I haven't read the comments yet, but 1) They used to show the passenger's destination and took it away because people were cherry picking and not taking the short rides, and 2) An option to set the driver's destination is in beta test, just sit tight, it's coming.


----------



## Joe Falcone (Oct 5, 2015)

I realize there may be cherry picking or whatever you wanna call it, but there are many reasons its unfair to the driver the way things are now. Nobody has mentioned just plain old time. Sure theres gas, tolls etc, but i'm a part time driver. What if i only want to work another hour for example, and i get a rider whos 20 min away who wants to go 45 min away? If were truly independant contractors, and have all this control, then the control just got shot to hell. Just saying.


----------



## Michael47 (Sep 26, 2015)

It's called "predjudicial". Call it what it is and I agree the destination is not necessary; however, at the very least, the distance to the destination should not be considered prejudicial and could easily be included when the pick up address is provided.
Time is an extremely important element for may of us part-time drivers.


----------



## Minks (Oct 23, 2015)

Michael47 said:


> It's called "predjudicial". Call it what it is and I agree the destination is not necessary; however, at the very least, the distance to the destination should not be considered prejudicial and could easily be included when the pick up address is provided.
> Time is an extremely important element for may of us part-time drivers.

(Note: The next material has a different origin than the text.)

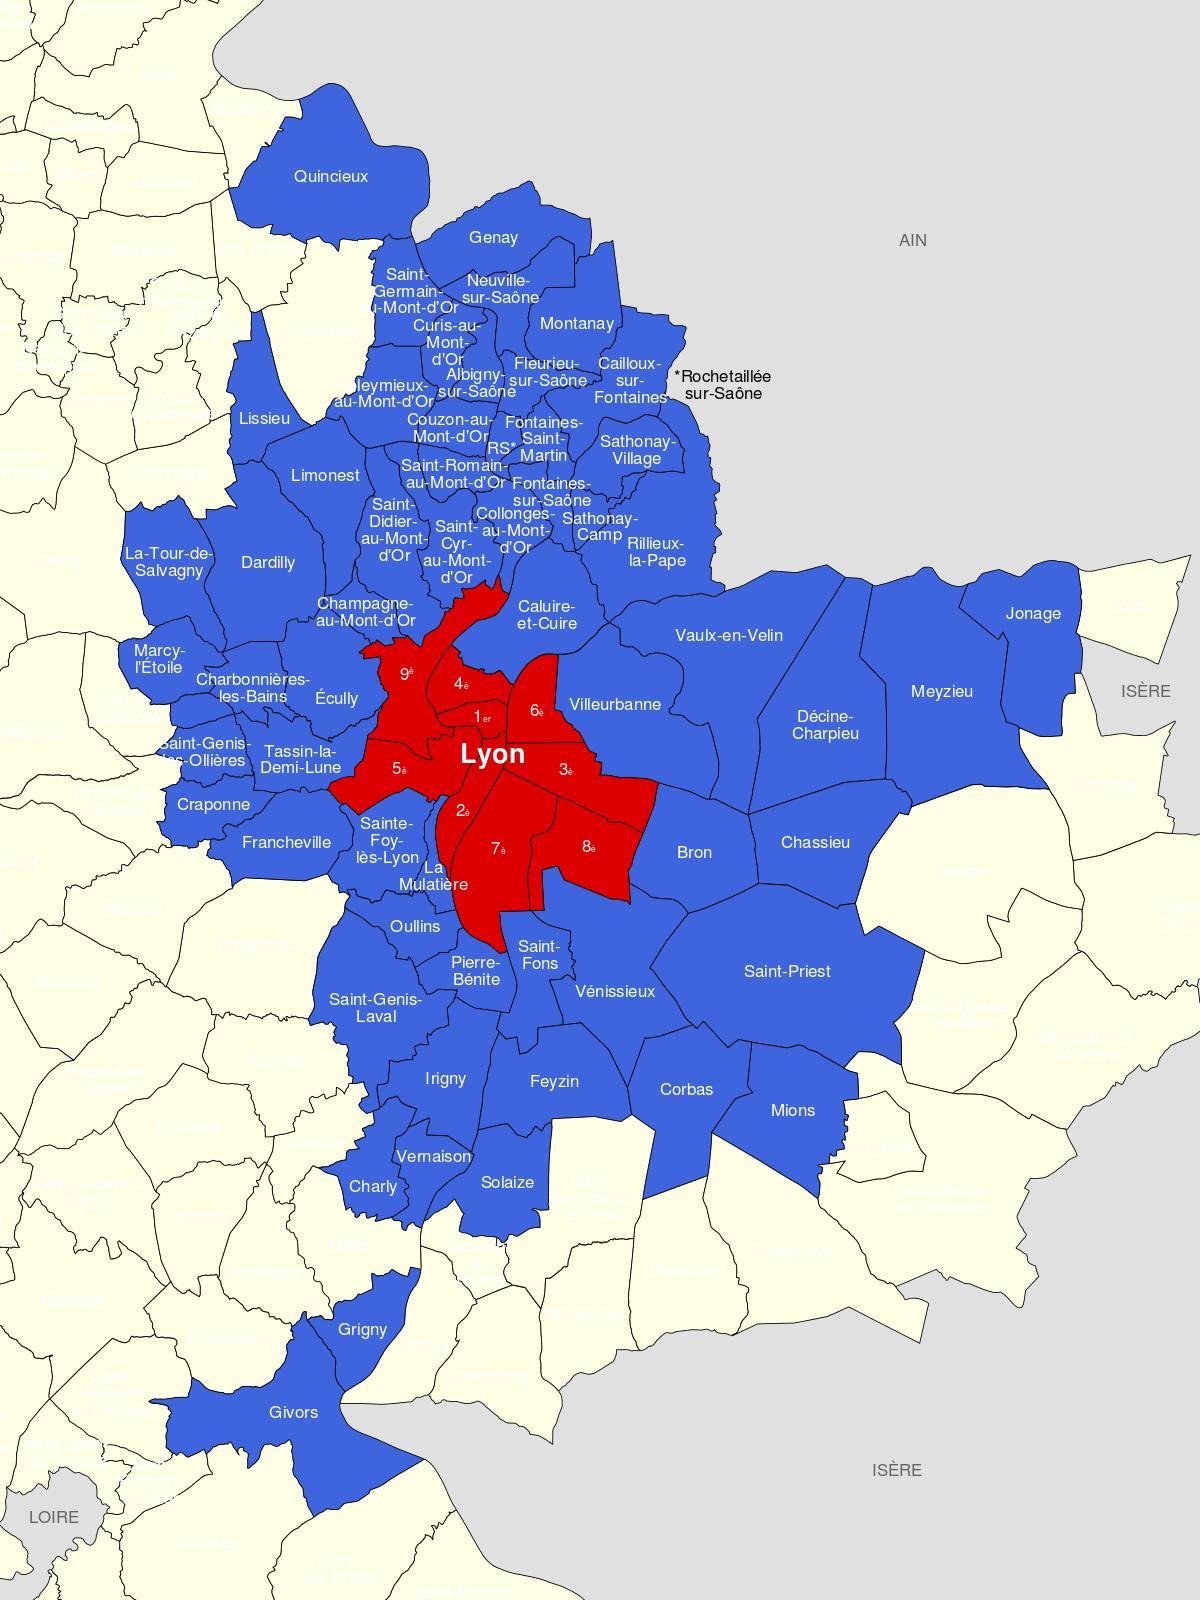 Lyon Karte.Karte Von Lyon Und Umgebung Karte Der Gegend Von Lyon

Especially true if you use the term ride-share anywhere in the description of the service. I have a long drive to and from work every day. I'd love that pick up a rider along the way to or from work and drop them off a reasonable distance from my destination. But this is 100% impossible if destination is a complete wildcard. Lyft has this ability in some markets. If Uber gets, that will be awesome!!

Heck there is even a dart rail station close to my work, that I am sure is a draw.


----------



## Minks (Oct 23, 2015)

Nemo said:


> you must be really lonely to drive only to chat up some people while taking fares from the ones that want to put food on the table for their families.


More often than not I am the only uber driver online for my mini- city (DFW Suburb). There is one other guy that sits in Trophy Club at 121 and rejects tons of requests. My riders complain of him often. He is an uber select guy too, so some cherry picking going on maybe?

Yes, I just outed my DFW sweet spot. We need help up here in Roanoke pretty much all the time. 70% of the time I am the only guy. Near instant ping when I go online. Lots of hotels by racetrack. Be warned, half of your trips will be epic length. ....which most actually prefer so come get some. Roanoke area to Southlake Town Center very popular run as is into Arlington and the downtowns.

These people don't tip tho. Ever. They rate pretty much only 5's, and my first 20 trips were very awkward. I do drive big luxury vehicles tho, show up in these neighborhoods in a corolla and your results may vary.


----------



## UberCrue (Sep 17, 2015)

Minks - I end up in your area quite often, with people from Downtown Ft Worth -> heading back home. 
You're not kidding when you mention instant pings. I get hit, after hit, after hit leaving that location.


----------